Arrange a grouped_df by group variable not working
Try switching the order of your group_by
statement:
df %>%
group_by(year, client) %>%
summarise(tot = sum(rev)) %>%
arrange(year, desc(tot))
I think arrange
is ordering within groups; after summarize
, the last group is dropped, so this means in your first example it's arranging rows within the client
group. Switching the order to group_by(year, client)

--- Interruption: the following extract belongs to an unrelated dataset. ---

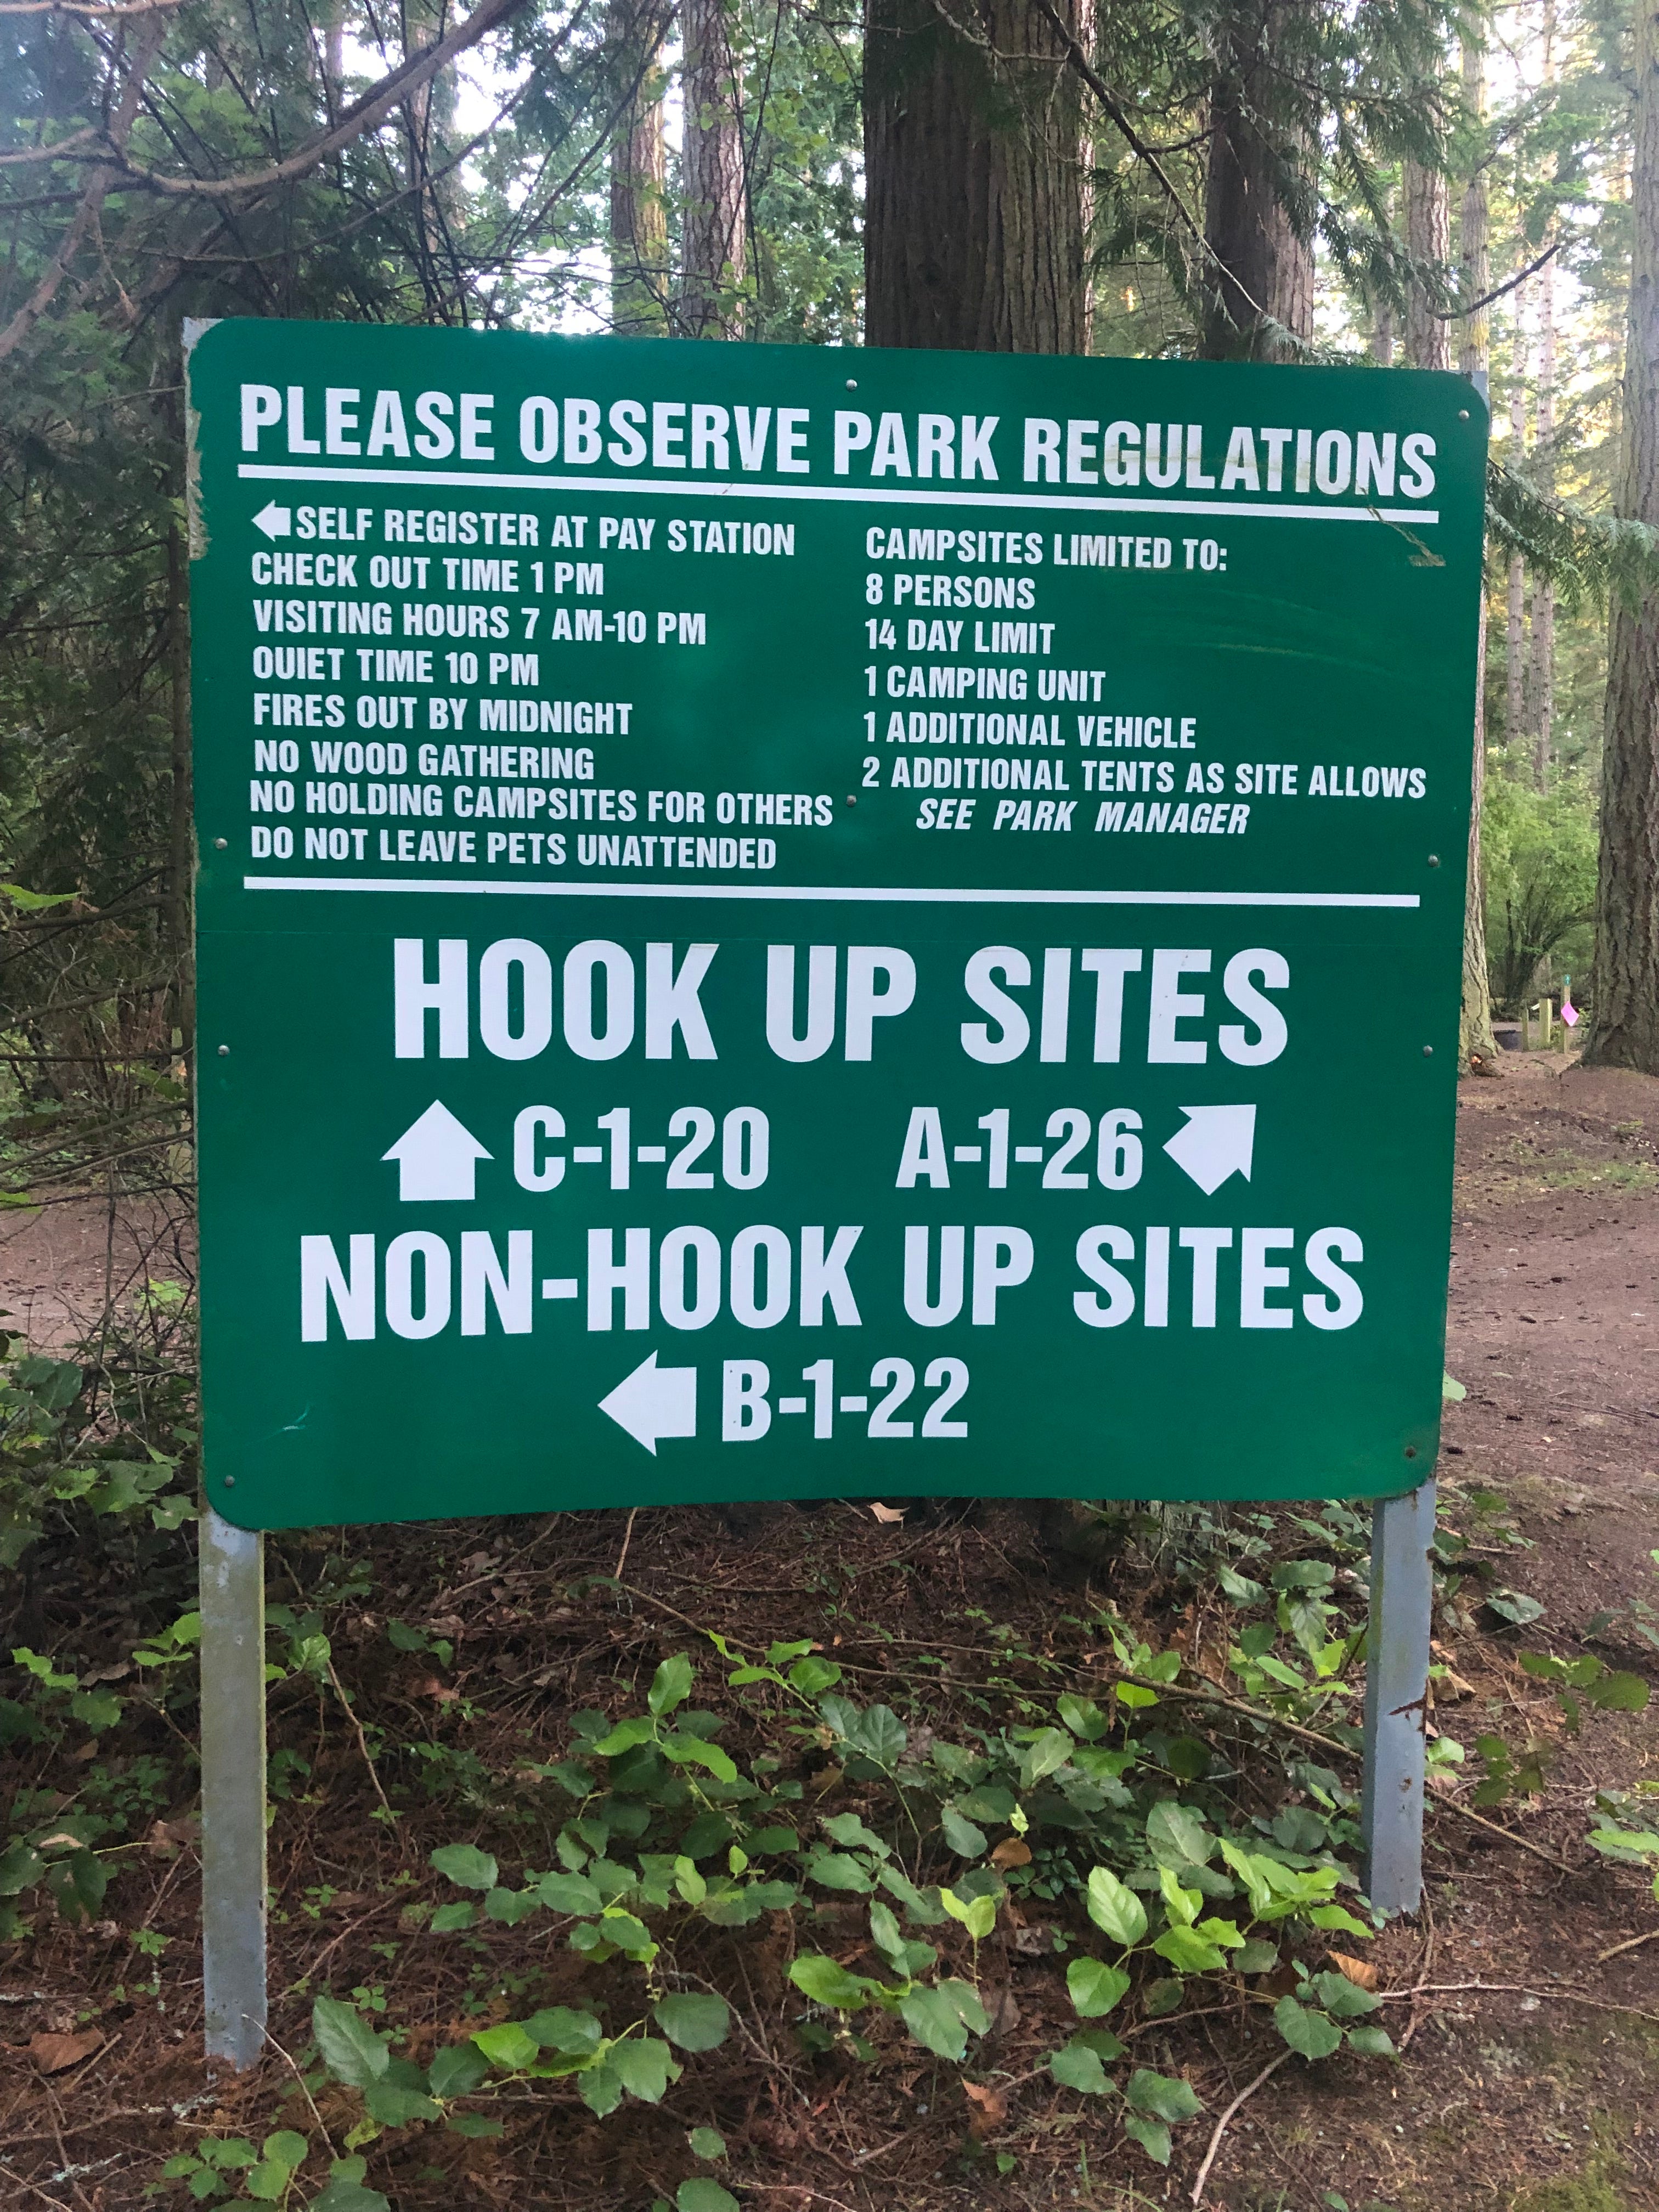 Good signage in park

seems to fix it because the client
group gets dropped after summarize
.
Alternatively, there is the ungroup()
function
df %>%
group_by(client, year) %>%
summarise(tot = sum(rev)) %>%
ungroup() %>%
arrange(year, desc(tot))
Edit, @lucacerone: since dplyr 0.5 this does not work anymore:
Breaking changes arrange() once again ignores grouping, reverting back to the behaviour of dplyr 0.3 and earlier. This makes arrange() inconsistent with other dplyr verbs, but I think this behaviour is generally more useful. Regardless, it’s not going to change again, as more changes will just cause more confusion.
Latest versions of dplyr
(at least from dplyr_0.7.4
) allow to arrange
within groups. You just have so set into the arrange()
call .by_group = TRUE
. More information is available here
In your example, try:
library(dplyr)
df %>%
group_by(client, year) %>%
summarise(tot = sum(rev)) %>%
arrange(desc(tot), .by_group = TRUE)